Este golpe parecía contener el cultivo de su vida.

Yang Yi pensó en esquivar o bloquear, pero finalmente no se movió en absoluto.

Sin embargo, el Emperador Blanco fue arrojado hacia atrás por la fuerza de Yang Yi.

En ese momento, se escucharon varios aullidos cuando un grupo de personas emergió, empujando a Yang Yueshuang.

Apuntaron sus espadas al cuello de Yang Yueshuang y aullaron a Yang Yi, aparentemente amenazándolo.

Justo entonces, el sonido de gritos de batalla, ensordecedores lo suficiente para hacer temblar las montañas, se elevó desde abajo.

A diferencia de los aullidos de estas personas, los gritos sonaban más como el idioma de Yang Yi.

—¿Qué?

¡Los Profetas también han venido!

—exclamó repentinamente el Emperador Blanco con un cambio dramático en su expresión.

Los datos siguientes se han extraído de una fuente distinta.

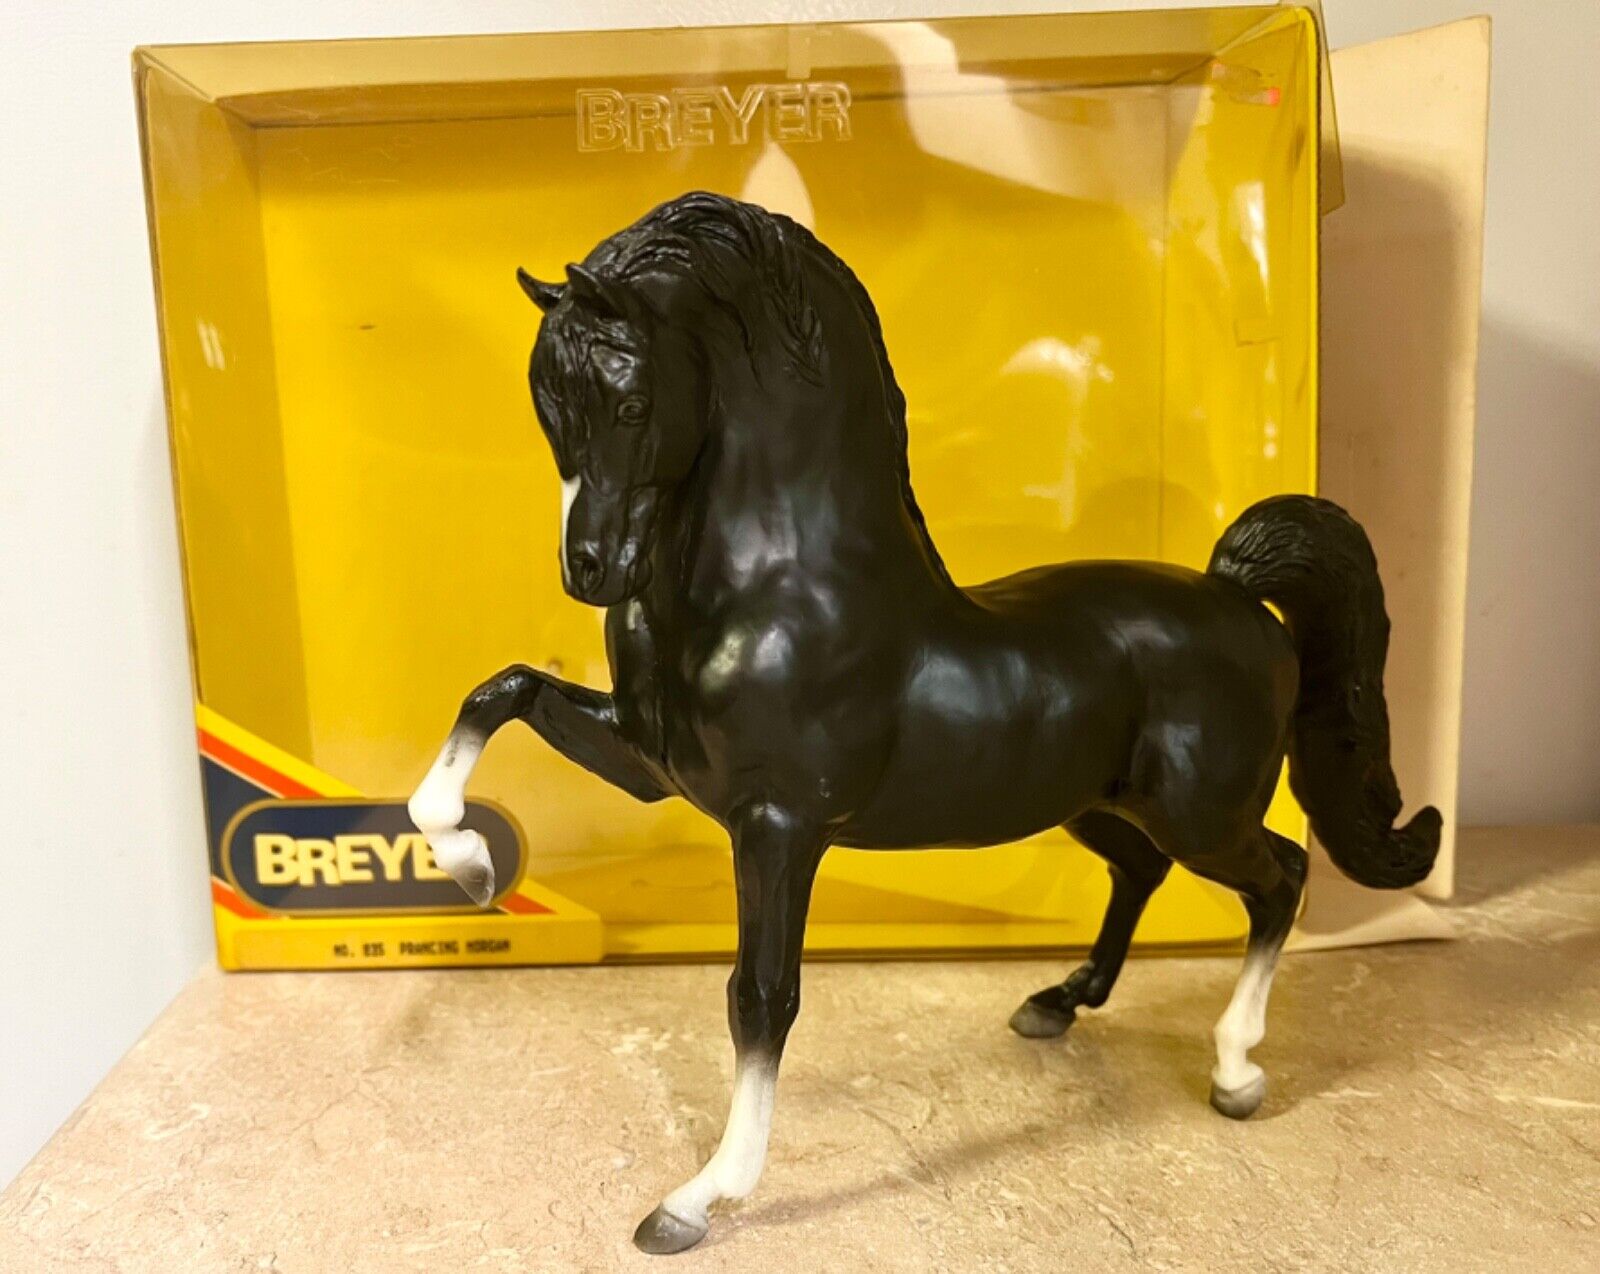  Breyer horse vintage #835 Prancing Morgan 1991-1992 with original box

Fue solo por sus palabras que Yang Yi pudo entender.

Obviamente, los gritos de batalla de la montaña eran más intimidantes que las amenazas de Yang Yi, haciendo que todos temblaran y pensaran en huir.

—¡Swoosh!

Un destello de luz blanca voló, y una Espada Larga, blanca como el jade, atravesó el cuerpo del Emperador Blanco.

Pero no sangró, lo que Yang Yi encontró muy extraño, ya que un cuerpo atravesado por una espada normalmente sangraría profusamente.

El Emperador Blanco se agarró el pecho y luego se dio la vuelta para huir.

Al ver esto, los demás se dispersaron y huyeron.

Aprovechando la oportunidad, Yang Yi se apresuró hacia adelante y ayudó a la todavía aturdida Yang Yueshuang.

Su complexión estaba ligeramente sonrojada como si estuviera helada, y su frente estaba febrilmente caliente en ese momento.